Hey, Michael, thanks for the questions, and last but certainly not least, appreciate the question. And yeah, look, I mean, our phase I enrollment criteria is quite broad, right? It's truly universal-RAS. Any, you know, any solid tumor patient with any mutation in KRAS, NRAS or HRAS is eligible to be screened. So we're not requiring or specifying particular tumor types as part of the phase I. You know, however, as you know, we've identified, you know, what we believe are the most likely phase IIa areas for dose expansion.
And that's based on you know the use of these humanized tumor growth assays and the informatics that we described earlier. And so all our clinical investigators are familiar with those data. And in fact, we've chosen our clinical sites in part based on their expertise with those types of cancer. So you know I think you can expect you know you might expect to see a bit more of those in the trial. But again, you know, we have... And I'll hand over to Scott to comment, but again, we have very broad enrollment criteria to really cast a wide net.

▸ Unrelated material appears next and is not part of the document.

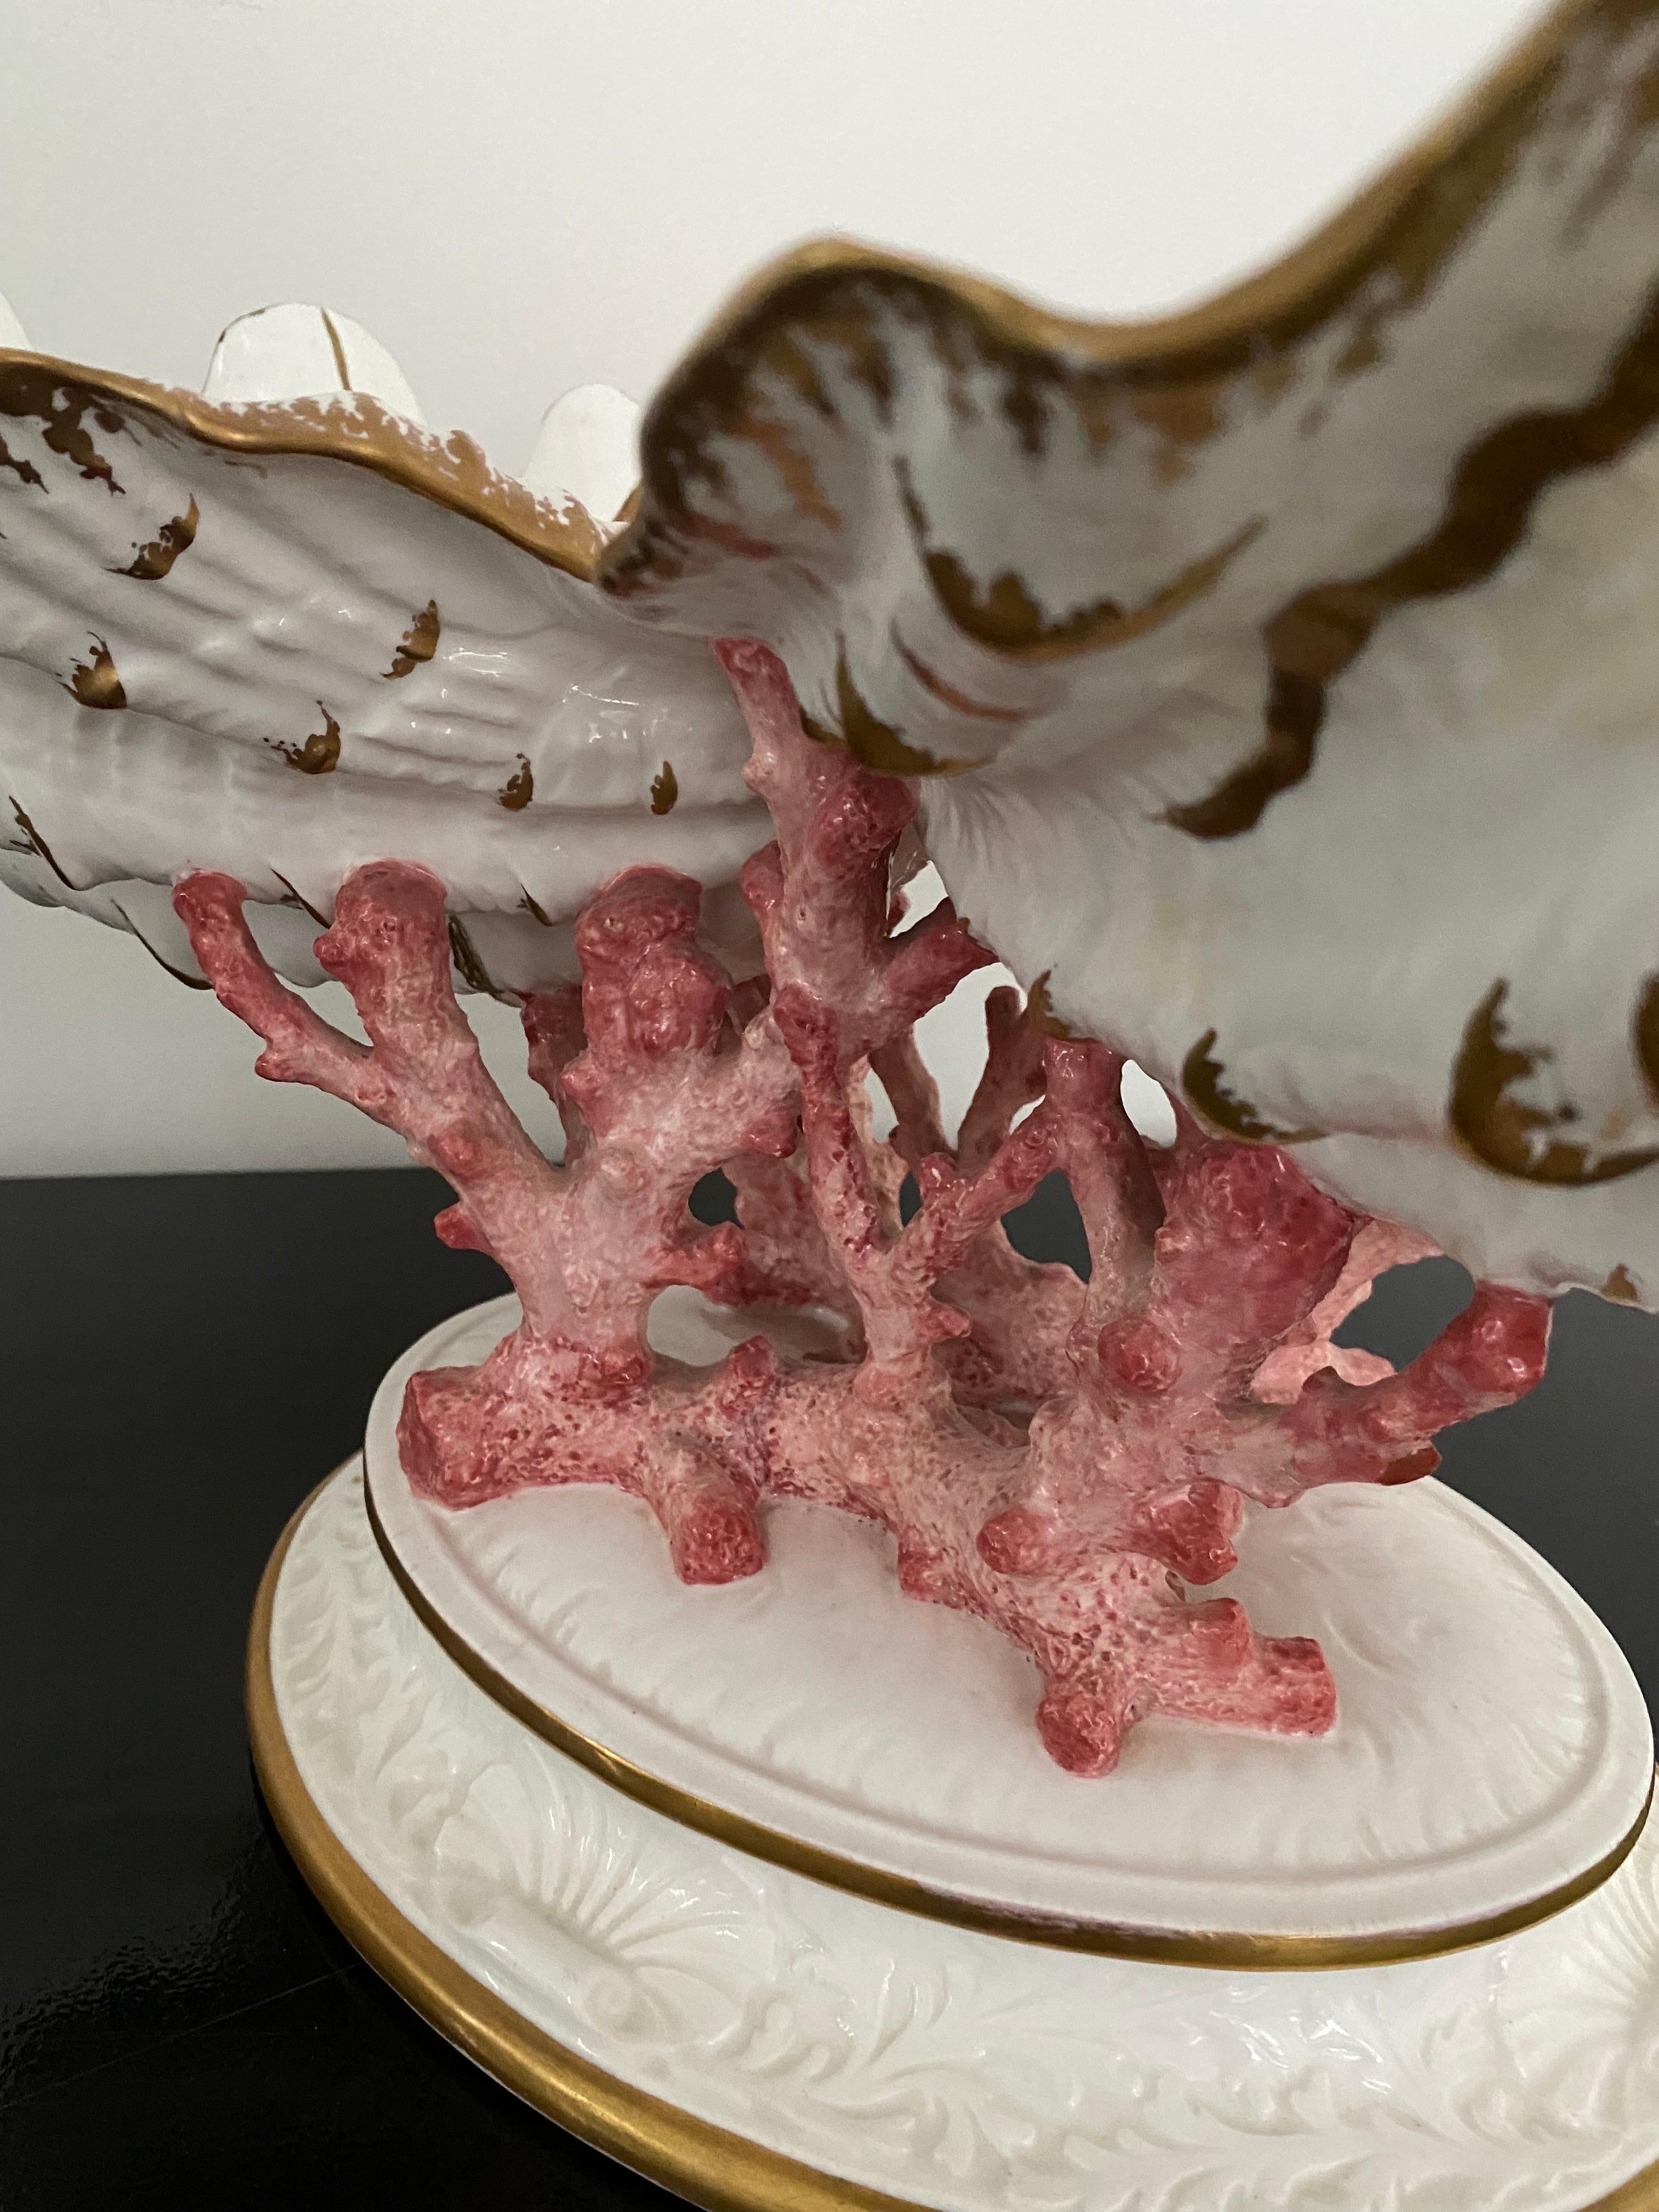 Rare Wedgwood Coral and Clamshells Decorative Pedestal Table Centerpiece Dish 5

Scott, I don't know if there's anything you wanna add there?
No, I think you covered it well. They're all the phase I investigators are clinicians and scientists that were involved in our protocol development and are very excited about the clinical proof of concept. And so they're basically, you know, actively looking to enrich for the tumor types that we built our model there for melanoma.
Okay, thank you.
Great. Thanks. Thanks, Michael.
Thank you. At this time, I would now like to turn the conference back over to Ben Zeskind for closing remarks.

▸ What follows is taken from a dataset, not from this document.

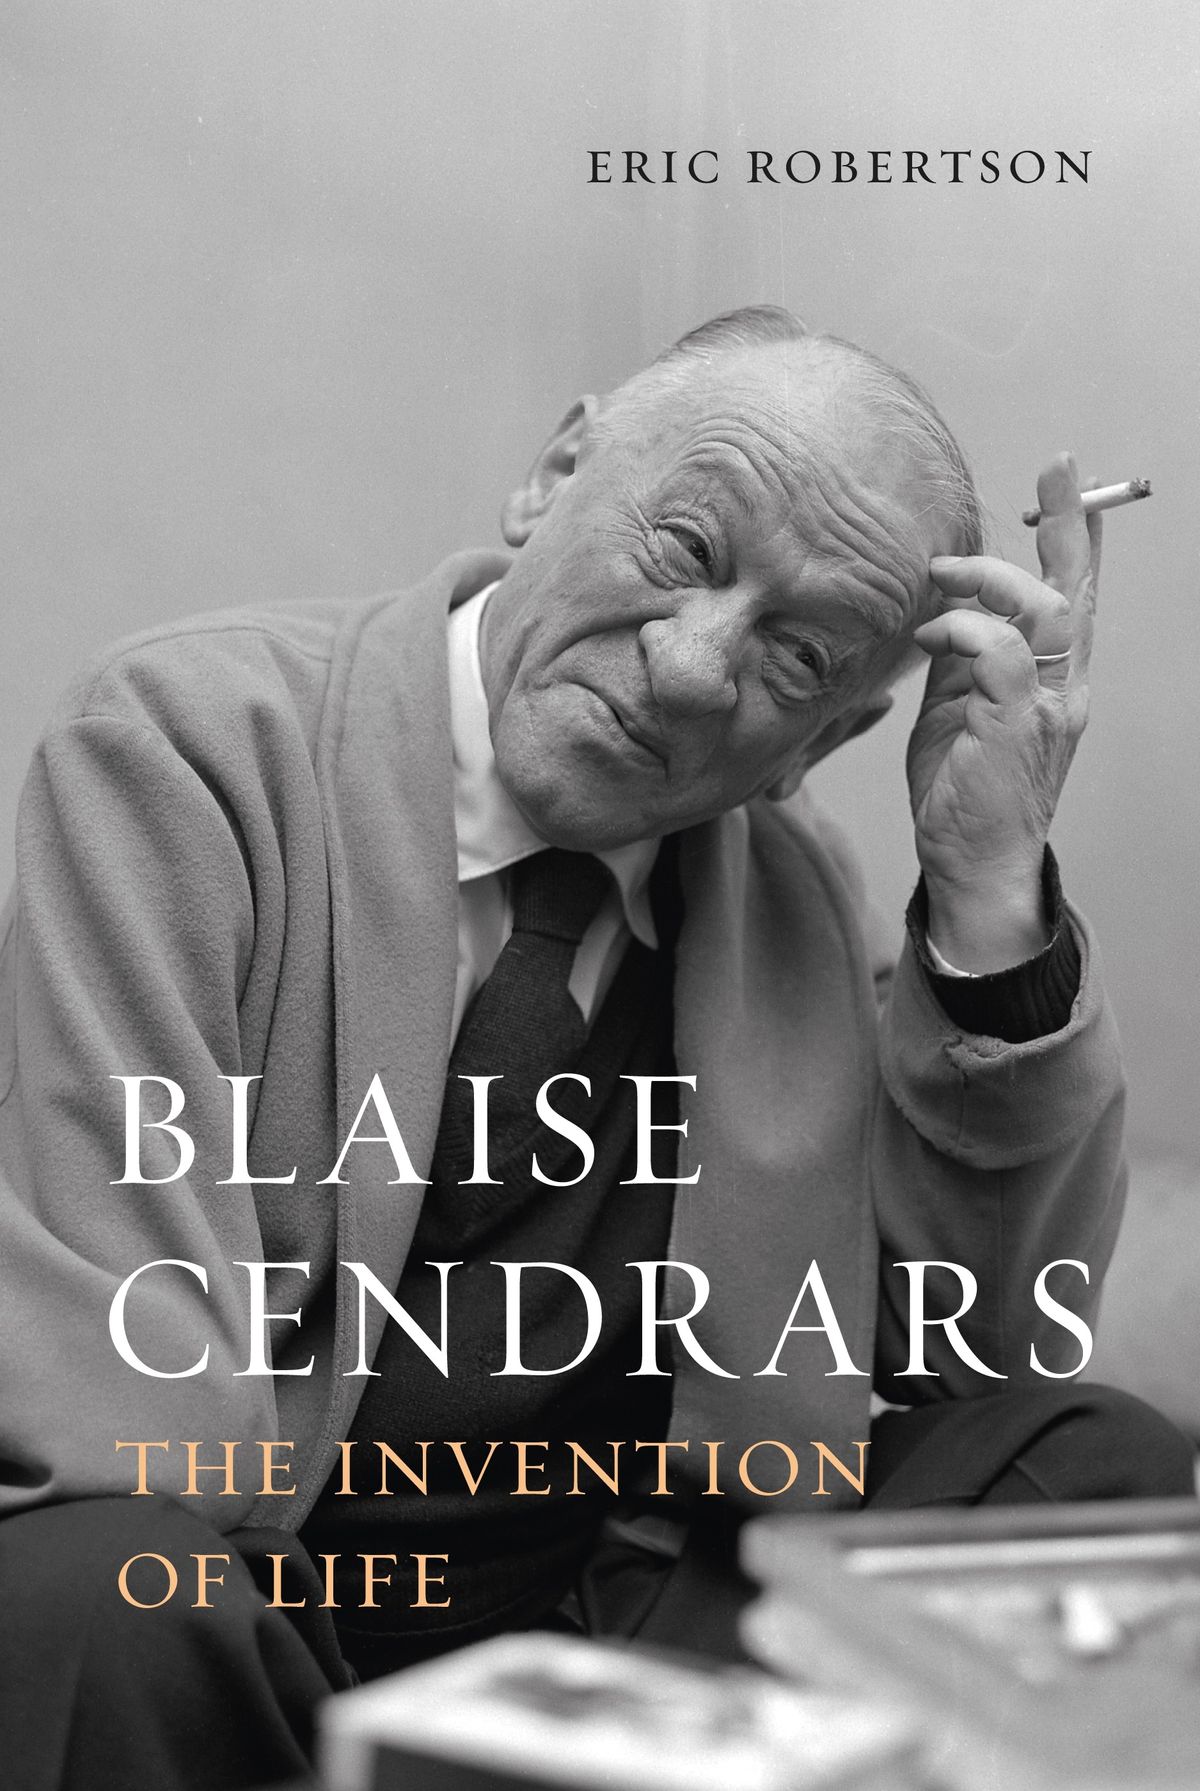 Blaise Cendrars, The Invention of Life, by Eric Robertson. Courtesy Reaktion Books

Great. Thank you, operator, and thanks, everyone, for the great questions and to everyone who was listening in on the call. In the coming weeks, we plan to attend the Cowen and Oppenheimer Healthcare Investor Conferences, and we welcome your request for meetings at these events or directly through us. Feel free to reach out to Gilmartin if you'd like to schedule some time. With that, I would like to thank all of you for participating in today's call and wish you a good evening.
This concludes today's conference call. Thank you for participating. You may now disconnect.